CN104858248A - Silking machine - Google Patents

Abstract

The invention discloses a silking machine and belongs to the technical field of metal rolling devices. The silking machine comprises a rotor assembly, a box, a supporting component and a drive assembly. The supporting component and the driving assembly are arranged on the box. The rotor assembly comprises a hollow shaft provided with a big end and a small end. The big end of the hollow shaft is provided with a first flange and a second flange which extend in the radial direction. A silking disk is fixed to the end face of the second flange. The supporting component comprises a supporting structure I and a supporting structure II, wherein the supporting structure I is arranged at the big end of the hollow shaft, and the supporting structure II is arranged at the small end of the hollow shaft. The supporting structure I comprises a bearing seat and an arc support, wherein the bearing seat is fixed to the box, and the arc support is arranged between the bearing seat and the hollow shaft in a swinging mode. According to the silking machine, the contact area between the hollow shaft and the bearing seat can be increased through the supporting structure I and the supporting structure II, the radial bearing capacity and the rotating speed of the silking machine can be increased, and the yield of wires is improved; because the support can swing, a certain angle adjusting capacity is achieved, the stability of the whole silking machine can be improved, and the service life of the whole silking machine is prolonged.

Description

a spinning machine

technical field

The invention belongs to the technical field of metal rolling equipment, and relates to a coil forming equipment for forming a ring coil from a high-speed linearly moving wire.

Background technique

The rolling speed of the modern high-speed wire rod production line has been increased from the early 40m/s to the current 120m/s, and the product specification range has also been extended to Φ5mm～Φ25mm. Bending at a certain inclination angle to form a ring-shaped coil, the coil falls to the air-cooled roller table and then transported to the coil collection station to complete the coil collection. In order to match the increasing rolling speed and achieve high-speed spinning of wire into coils, the new generation of laying heads needs to meet higher laying head speeds and wider laying head specifications, among which the laying heads are used to realize Due to the asymmetrical rotary structure of the spinning head rotor with loop forming function, the mass of the rotor is as high as 1800kg, and the maximum working speed of the rotor must reach 2100rpm. Therefore, during the working process of the laying machine, due to the inevitable eccentricity of the rotor caused by the bending of the wire and the thermal deformation of the related parts caused by the high temperature condition, it will produce a large periodical impact and vibration on the bearings and other supports of the laying machine, making the bearings Shortened life and limited increase in laying head speed. Therefore effective shock-absorbing or shock-absorbing measures are the key to the stable work of the laying head.

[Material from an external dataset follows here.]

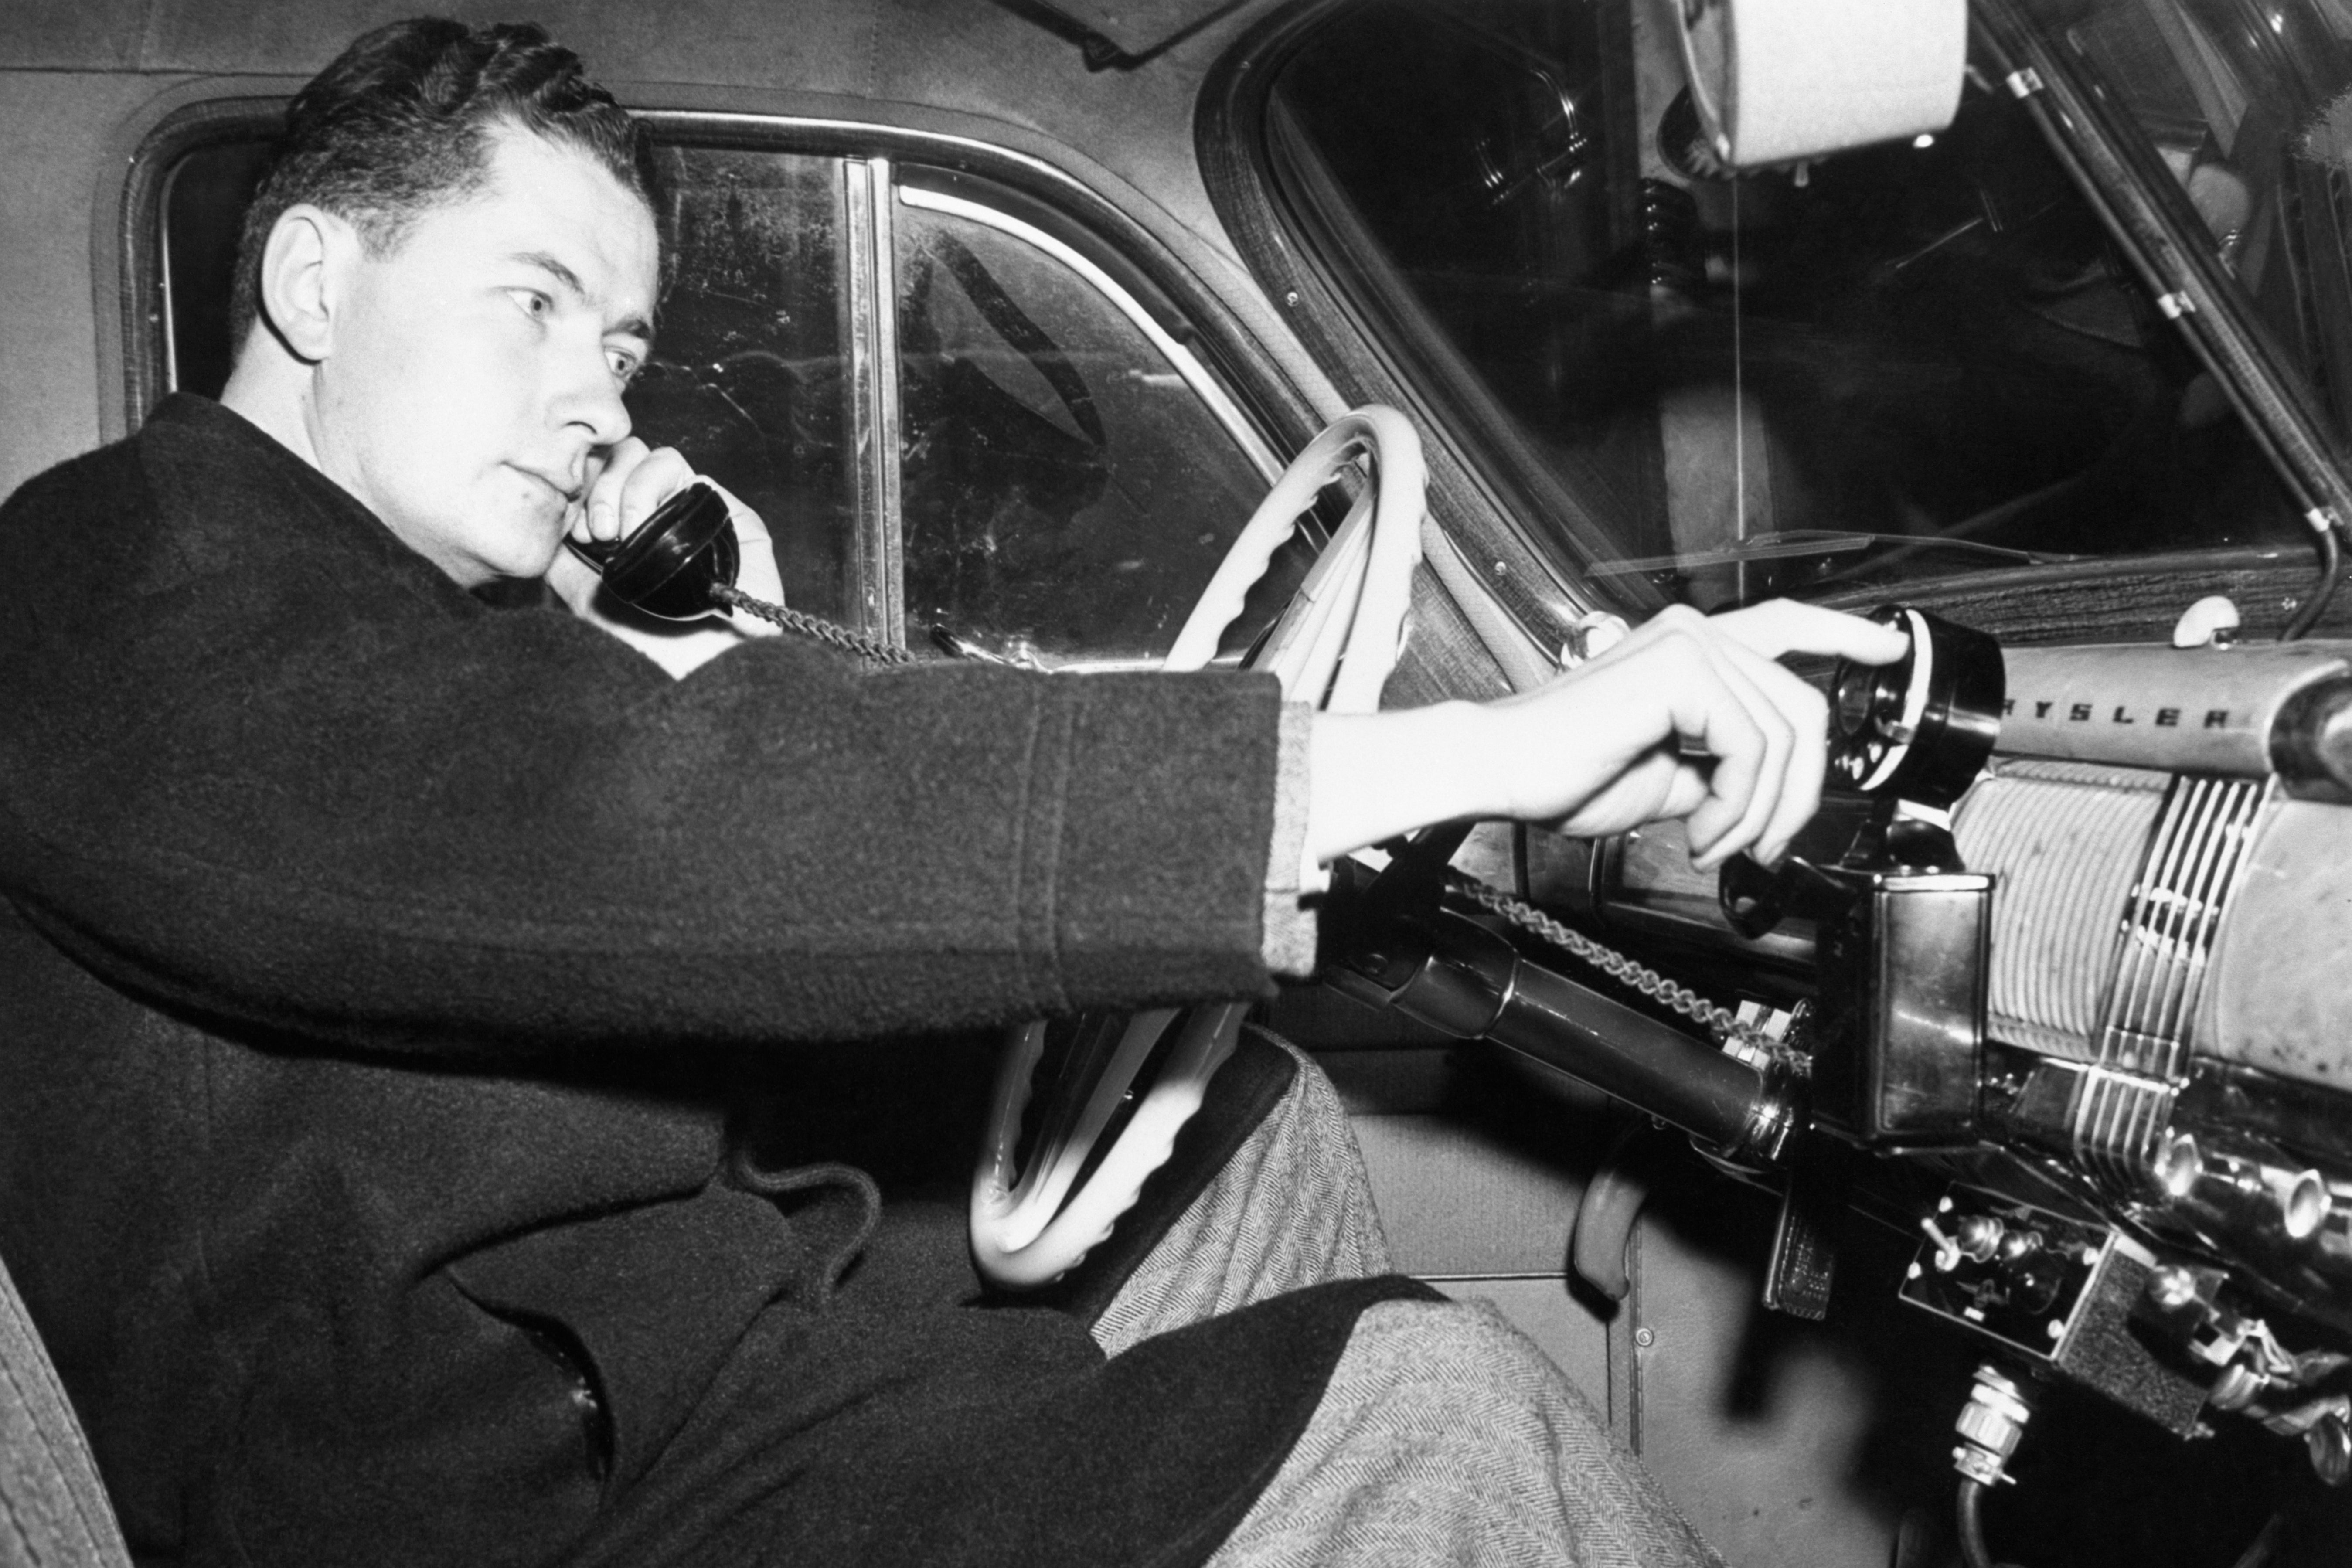 A man sits behind the wheel of a car with a phone to his ear as his finger uses a rotary dial.

The existing laying machine vibration damping measures are to install a large and a small two sets of rolling bearings with different clearances at the large end of the hollow shaft, and to install the bearing seats of the small bearings flexibly, and to add another set of damping to the bearing seats. Or the spring damping mechanism is used to absorb the vibration energy when the spinning head rotates at high speed, so as to achieve the purpose of reducing vibration. However, this structure puts forward extremely strict requirements on the clearance of the bearing, the processing accuracy of the spinning head rotor and the box, and the installation accuracy. If the installation and adjustment are not in place, it is likely to cause the vibration impact of the spinning head rotor On one bearing while the other is idling, instead of reducing the vibration of the laying head, it shortens the life of the bearing bearing. In addition, due to the special structure of the laying head, the turning diameter of the large end is relatively large, so the rolling bearings used are non-standard rolling bearings with large dimensions, which will limit the further increase in the speed of the laying head.

In view of the above problems, it is necessary to improve the structure of the existing laying head, and use the special dynamic characteristics of the combined bearing to support the smooth operation of the rotor of the laying head and realize the shock absorption function of the rotor, thereby improving the working efficiency of the laying head. Stability, and can further increase the speed of the laying head.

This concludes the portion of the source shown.